# Dohm Wilson large vice



## Taul Paul (24 Feb 2021)

Hello UKW
First post. I saw this vice and thought it was interesting, and they are, so I bought it. I've looked at others but most are smaller. This
is the 6" version and quite un-molested. Its in bits already. The plan is to re-make the rear jaw pivot, install fresh guide bars,
make a new front jaw and a new nut, probably something tough like ali bronze. Keep yer posted. Then general TLC all over to paint.
A couple of Q's
Can anyone decipher all the text on the front, for later detailing.
Would this have had a rear screw cover, some did but there is no evidence of one being there or trashed off.
I'm guessing black is the colour.



Taul Paul in Sheffield Yarksher (Yorkshire)


----------



## J-G (24 Feb 2021)

Taul Paul said:


> Can anyone decipher all the text on the front


It simply says "Pat. app. for" which expands to "Patent applied for"


----------



## TFrench (24 Feb 2021)

Snap! I got this one the other day. It's noticeably cruder than my big DOHM. I think the little pot in the casting is for cutting oil. Never seen that before.


----------



## Taul Paul (24 Feb 2021)

Found one answer.
Text says Wilsons PAT APP FOR patent applied for.


TFrench said:


> Snap! I got this one the other day. It's noticeably cruder than my big DOHM. I think the little pot in the casting is for cutting oil. Never seen that before.

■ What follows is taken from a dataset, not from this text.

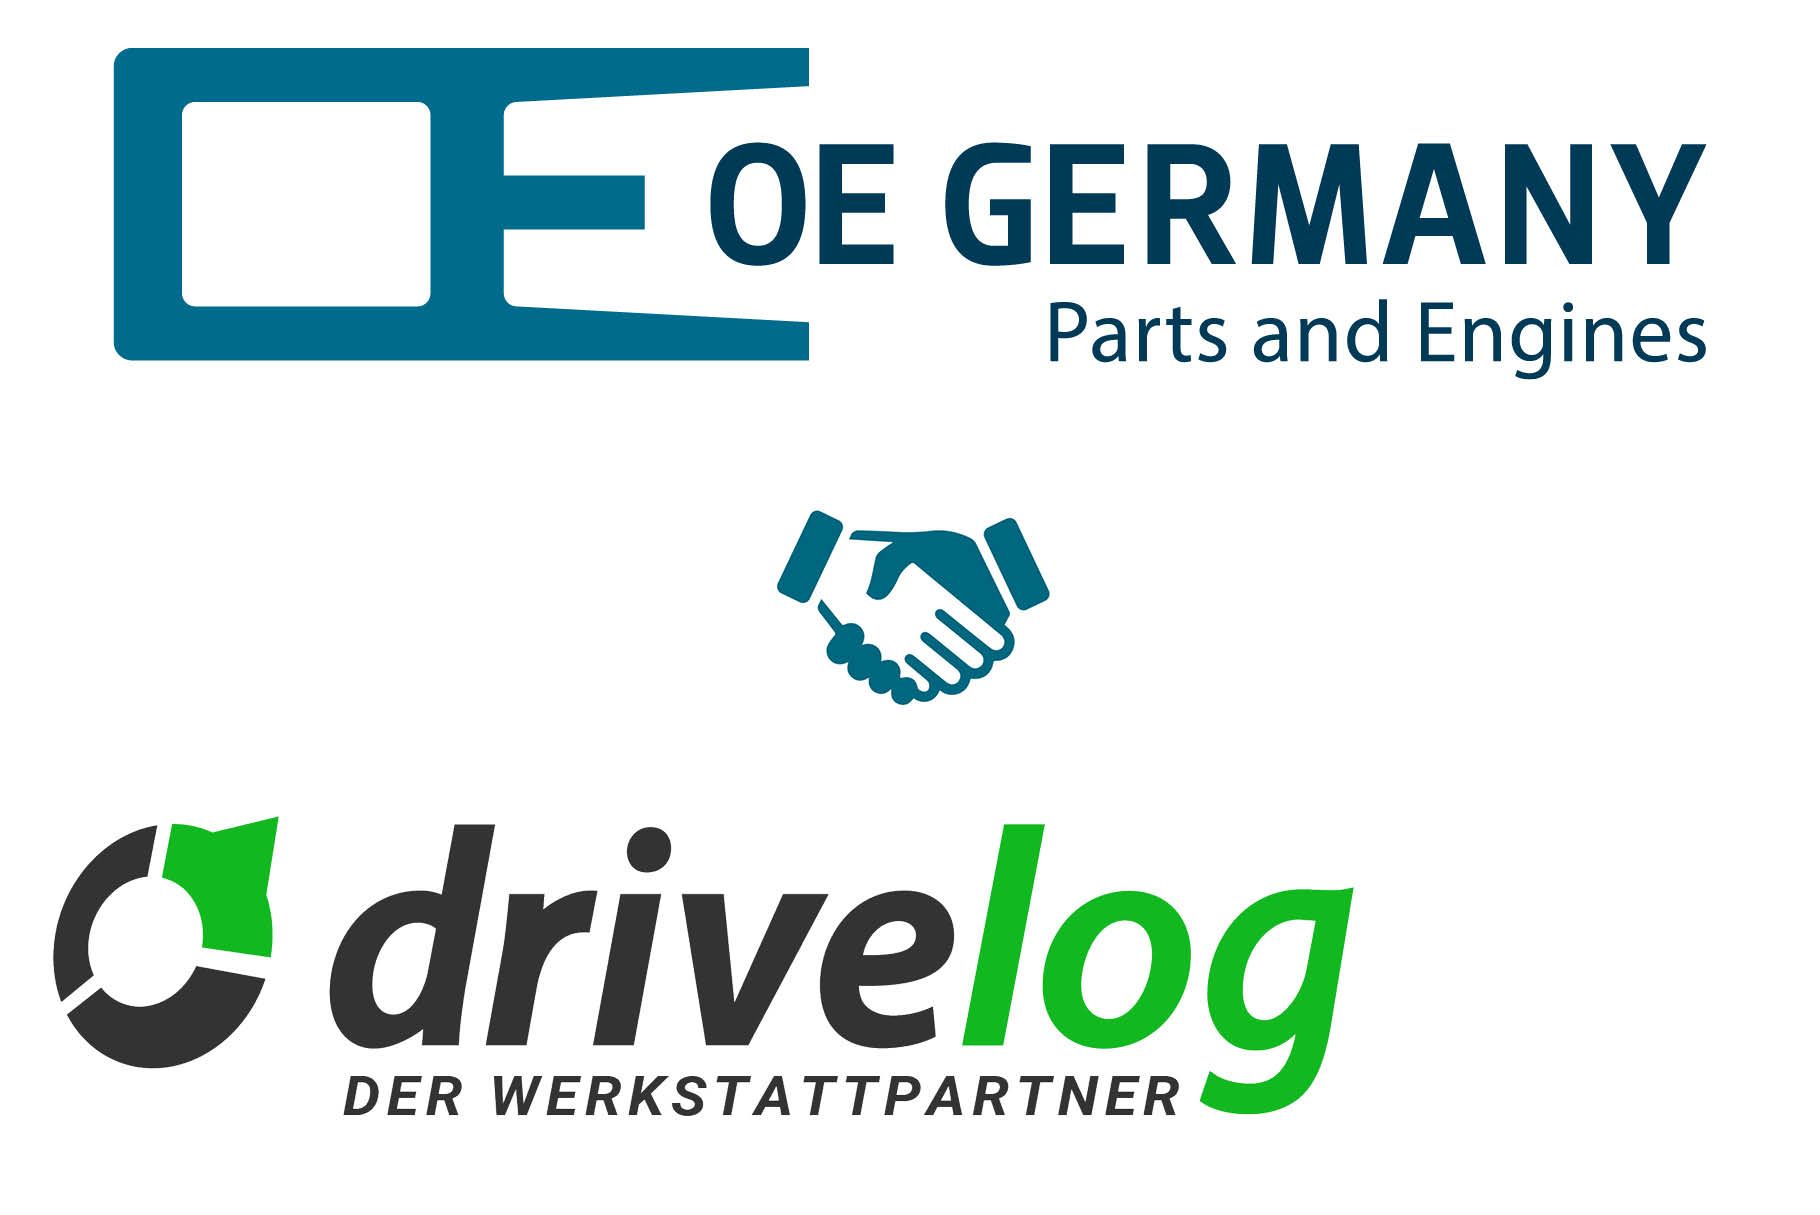 Partnership with drivelog

Nice. Yes it could be a lube pot.


----------



## Taul Paul (24 Feb 2021)

TFrench said:


> Snap! I got this one the other day. It's noticeably cruder than my big DOHM. I think the little pot in the casting is for cutting oil. Never seen that before.


I can't decide if yours is older or younger. Mine is acme thread your is square.


----------



## TFrench (24 Feb 2021)

I think yours is later - the front jaw has a vee on it, mine doesn't. The pin the rear jaw spins on looks bigger as well so I reckon you have the improved version!


----------



## Bod (26 Feb 2021)

If this helps, your vice may be younger than you think.

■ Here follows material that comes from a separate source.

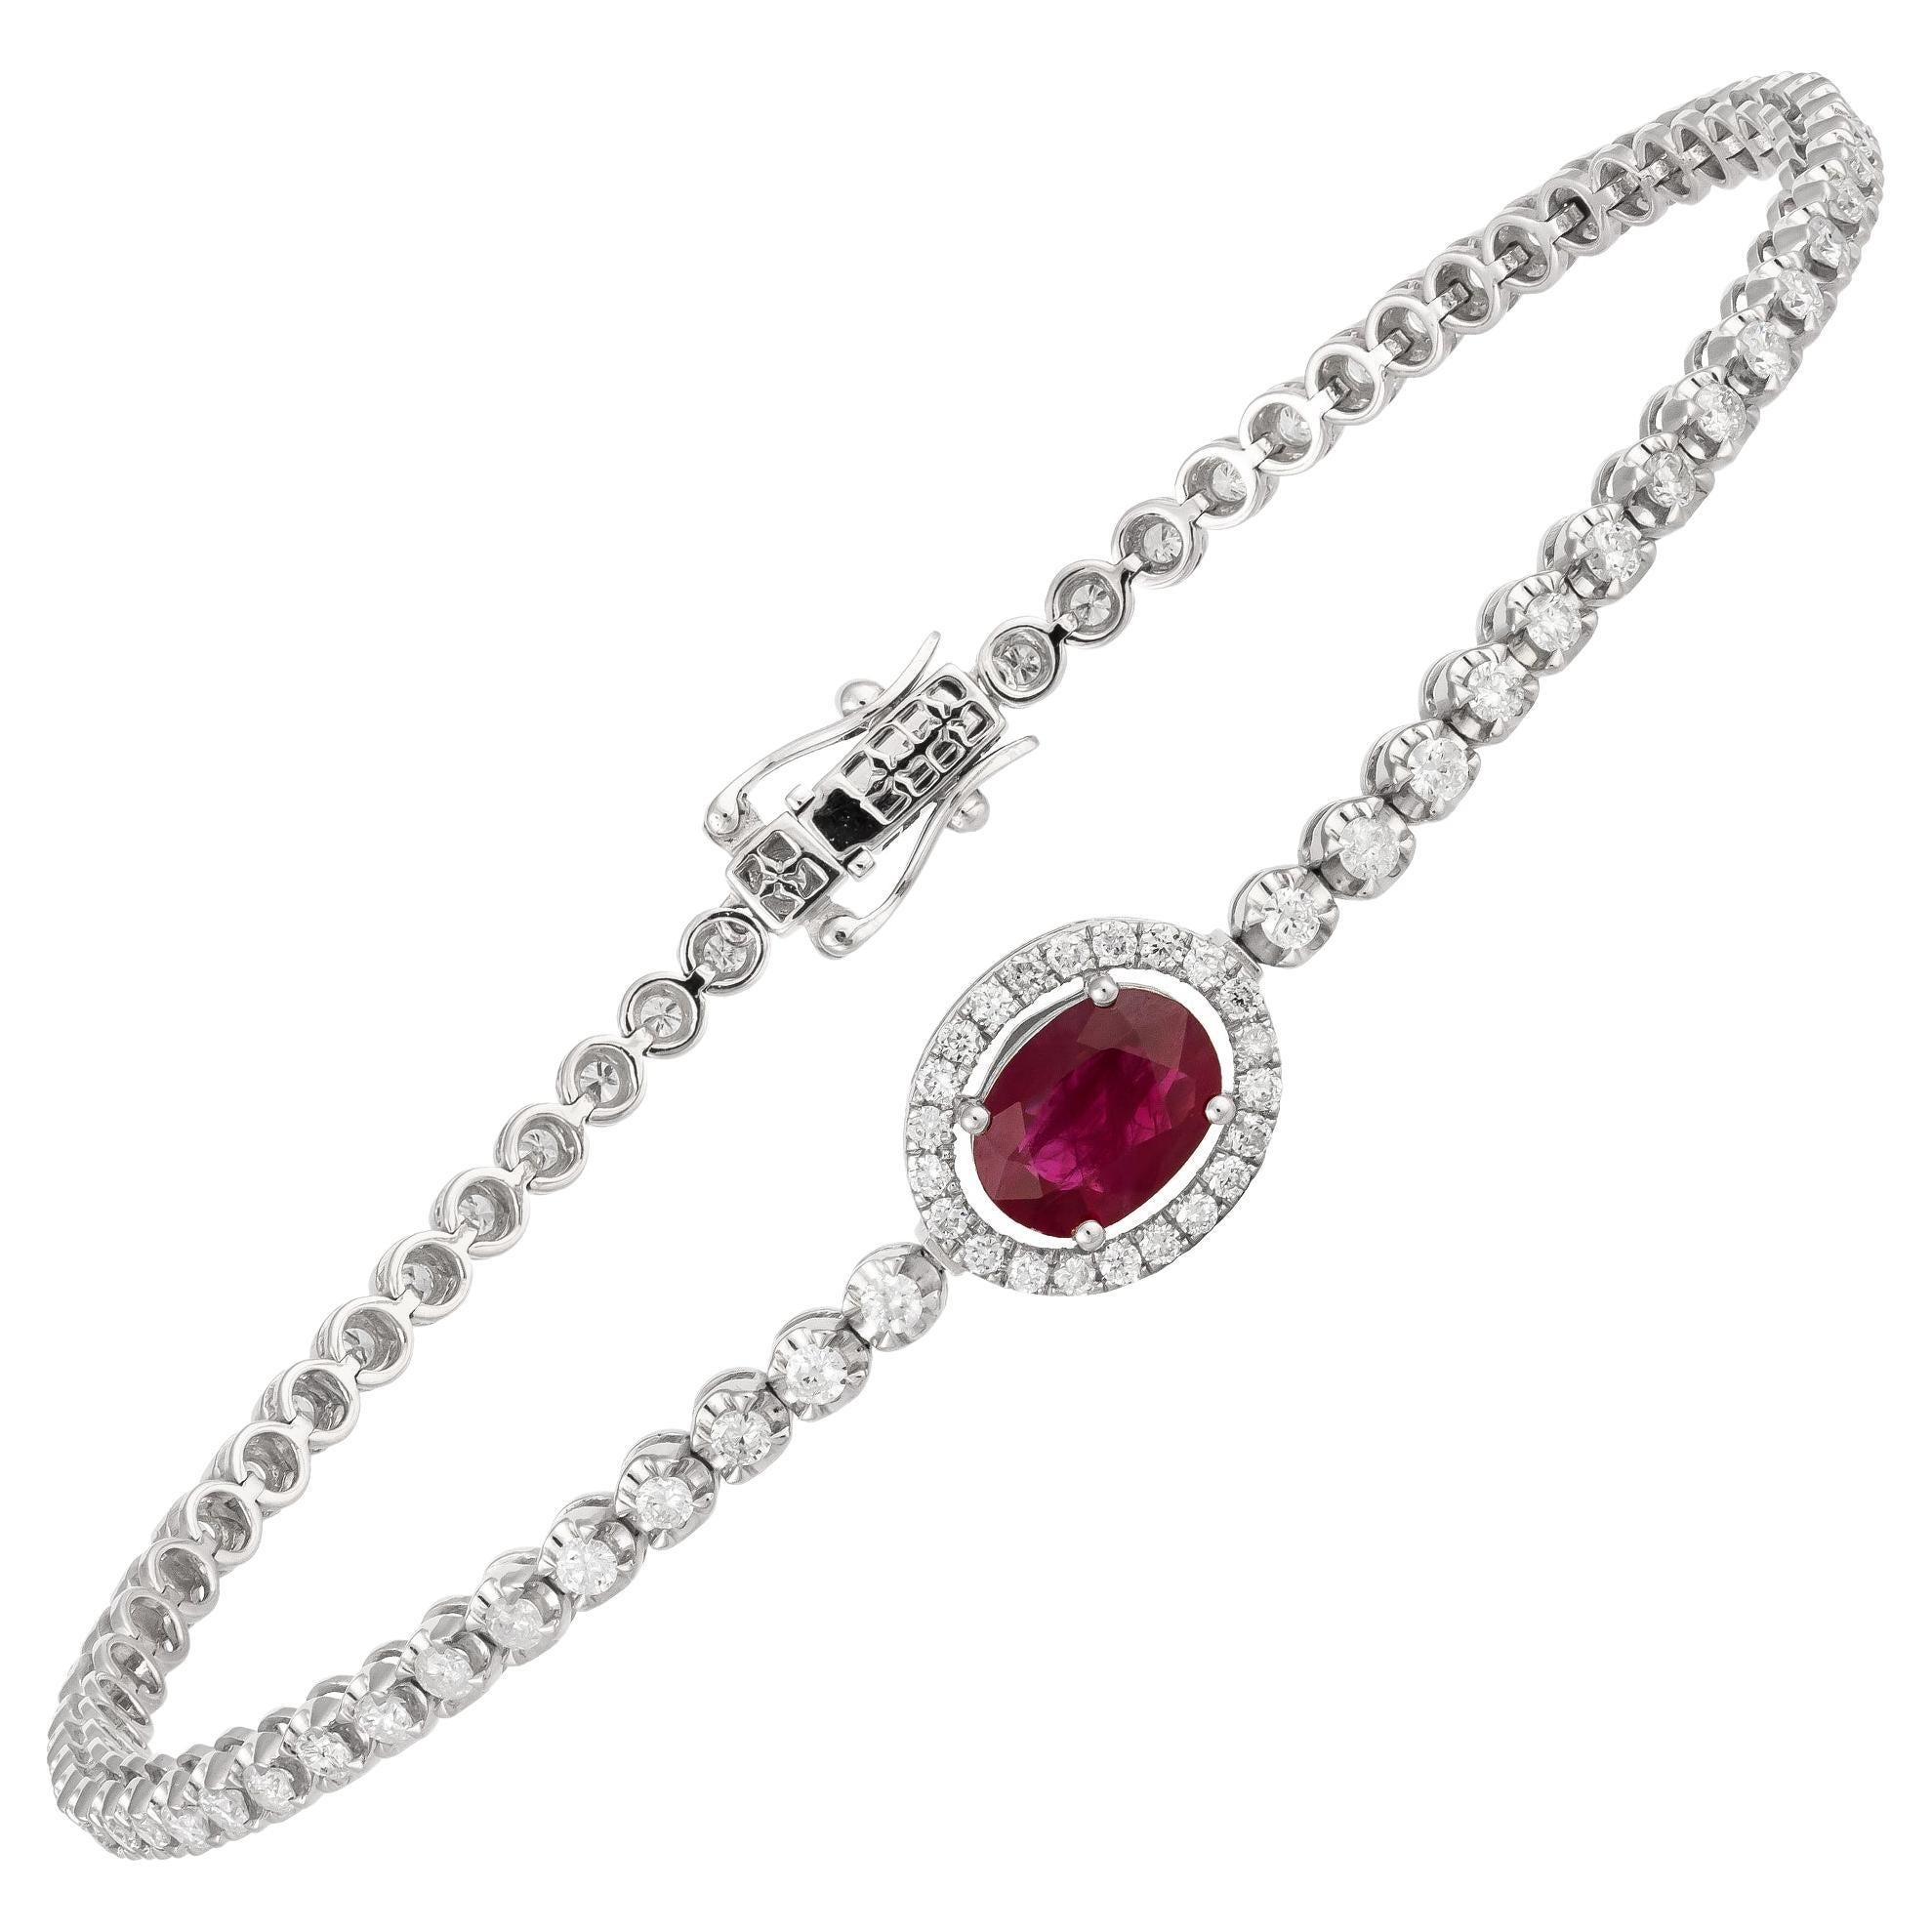 Unique White Gold 18K Ruby Bracelet Diamond for Her For Sale

Espacenet – search results


Espacenet: free access to millions of patent documents. Find out if your invention is unique or if other inventors have filed patent applications that are considered to be prior art.




worldwide.espacenet.com





Bod


----------



## Taul Paul (26 Feb 2021)

Bod
Yes interesting. I think that particular one in the description is near but not my exact model but the function explained is good. I searched JE wilson but didn't find a link.
Thanks
Paul


----------